Et voilà, Mme la Présidente, pourquoi je suis fier, moi aussi, d'être là. Je félicite mon collègue d'avoir porté le dossier parce qu'on a eu cette semaine... Je félicite aussi mes collègues qui ont été là. Mon collègue de Verdun qui a été un petit peu plus pointu par rapport à certaines interrogations concernant le projet de loi, mais ça a été quand même... On l'a rassuré pour différentes choses, entre autres, pour la mutuelle d'assurance à laquelle... Ça a été pour lui rassurant de poser ses questions.

Voilà, Mme la Présidente, je suis fier. Joyeuses fêtes à l'équipe! Félicitations à l'équipe de Mme Maziade! Et on pourra continuer ensemble pour davantage donner au Québec, stimuler l'entrepreneuriat. Merci beaucoup, Mme la Présidente.

Mise aux voix

La Vice-Présidente (Mme Poirier): Merci, M. le député de Jean-Lesage. Alors, le principe du projet de loi n° 201, Loi constituant la Mutuelle de microfinance (Québec), est-il adopté?

Des voix: Adopté.

La Vice-Présidente (Mme Poirier): M. le leader adjoint.

Adoption

M. Traversy: Mme la Présidente, j'invite maintenant... je vous invite à appeler l'article 19 du feuilleton pour l'adoption finale de ce projet de loi privé.

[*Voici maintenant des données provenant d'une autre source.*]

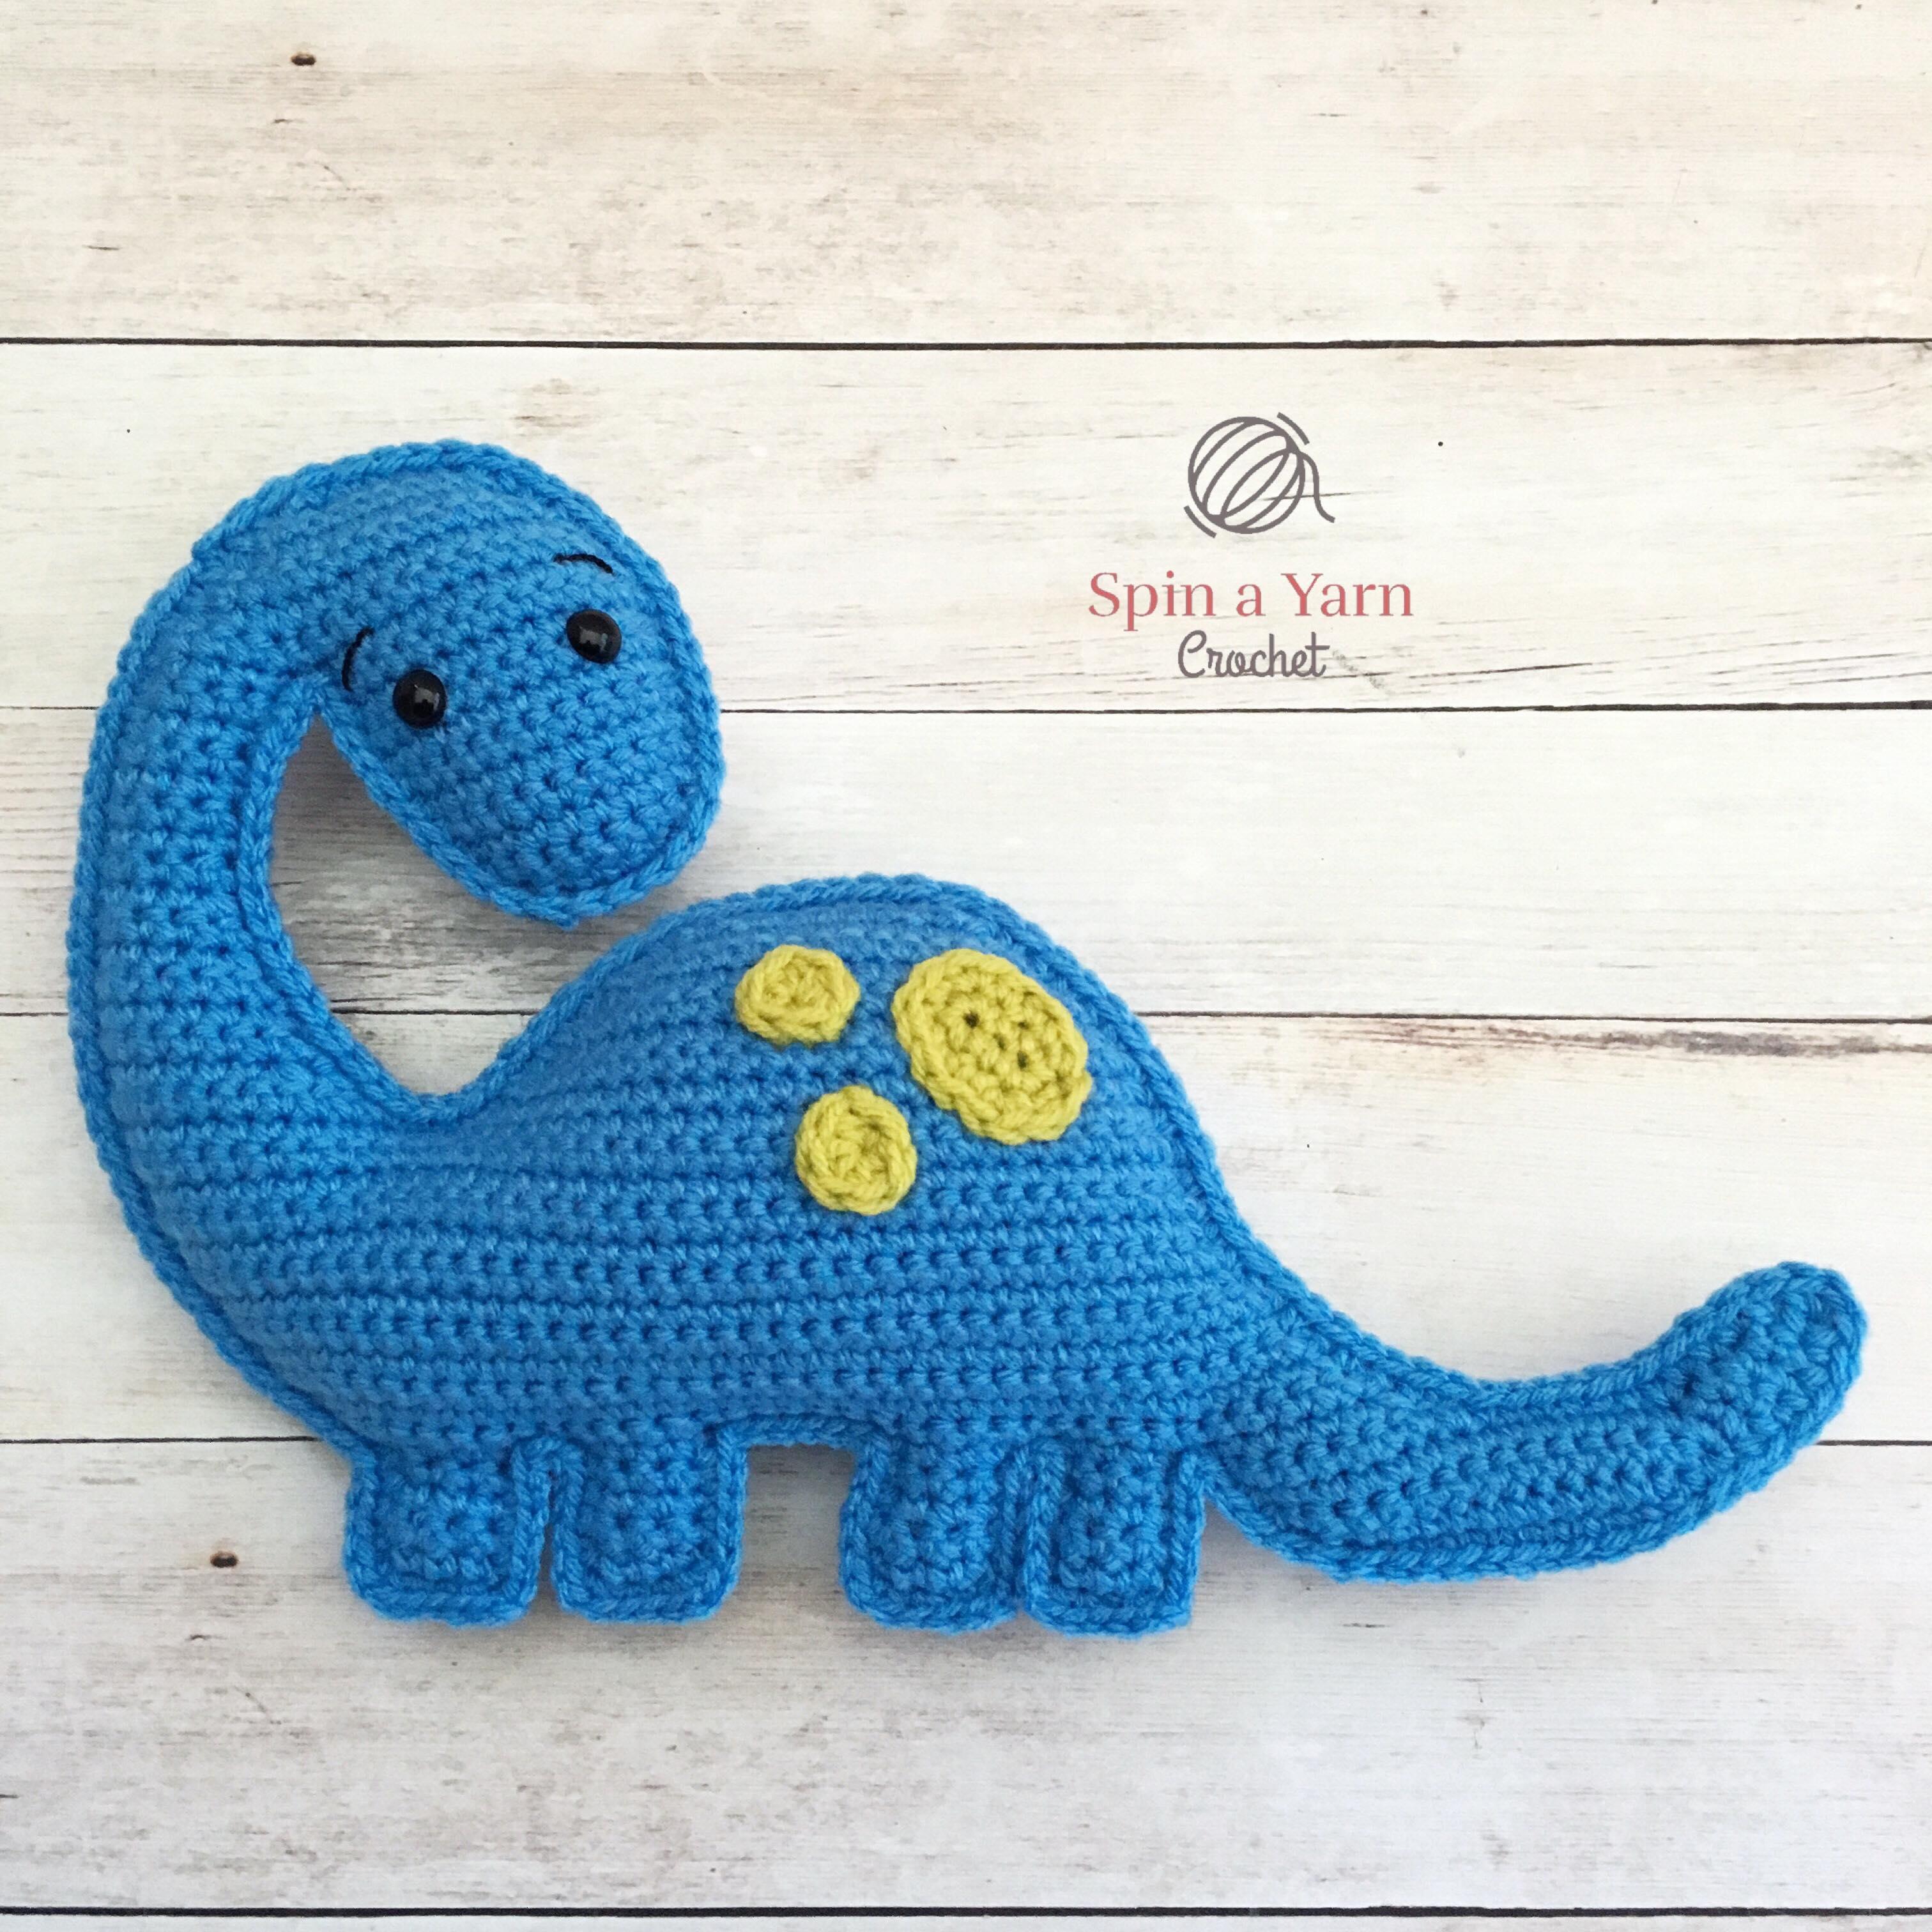 crochet dinosaur miniature stuffed toy, amigurumi brontosaurus toy ... | 3024x3024

La Vice-Présidente (Mme Poirier): Merci, M. le leader adjoint. Alors, M. le député de Saint-Jean propose l'adoption du projet de loi n° 201, Loi constituant la Mutuelle de microfinance (Québec). Y a-t-il des interventions?

Mise aux voix

Alors, le projet de loi n° 201, Loi constituant la Mutuelle de microfinance (Québec), est-il adopté?

Des voix: Adopté.

Ajournement au 12 février 2013

M. Traversy: Mme la Présidente, c'est avec un sincère plaisir que j'aimerais faire une motion d'ajournement pour nos travaux jusqu'au mardi 12 février 2013 prochain, à 13 h 45.

La Vice-Présidente (Mme Poirier): Est-ce que cette motion est appuyée?

M. Dutil: Oui, Mme la Présidente. C'est avec un sincère regret que nous l'acceptons; nous aurions souhaité avoir plusieurs autres période de questions. Malheureusement, on a refusé de l'autre côté.

Des voix: Ha, ha, ha!

La Vice-Présidente (Mme Poirier): Alors, puisque la motion est... La motion est adoptée? D'accord.

Des voix: Adopté.

La Vice-Présidente (Mme Poirier): Alors, à mon tour de vous souhaiter une joyeuse période des fêtes avec votre famille. Profitez-en, du repos. Joyeux Noël et Bonne Année à tous!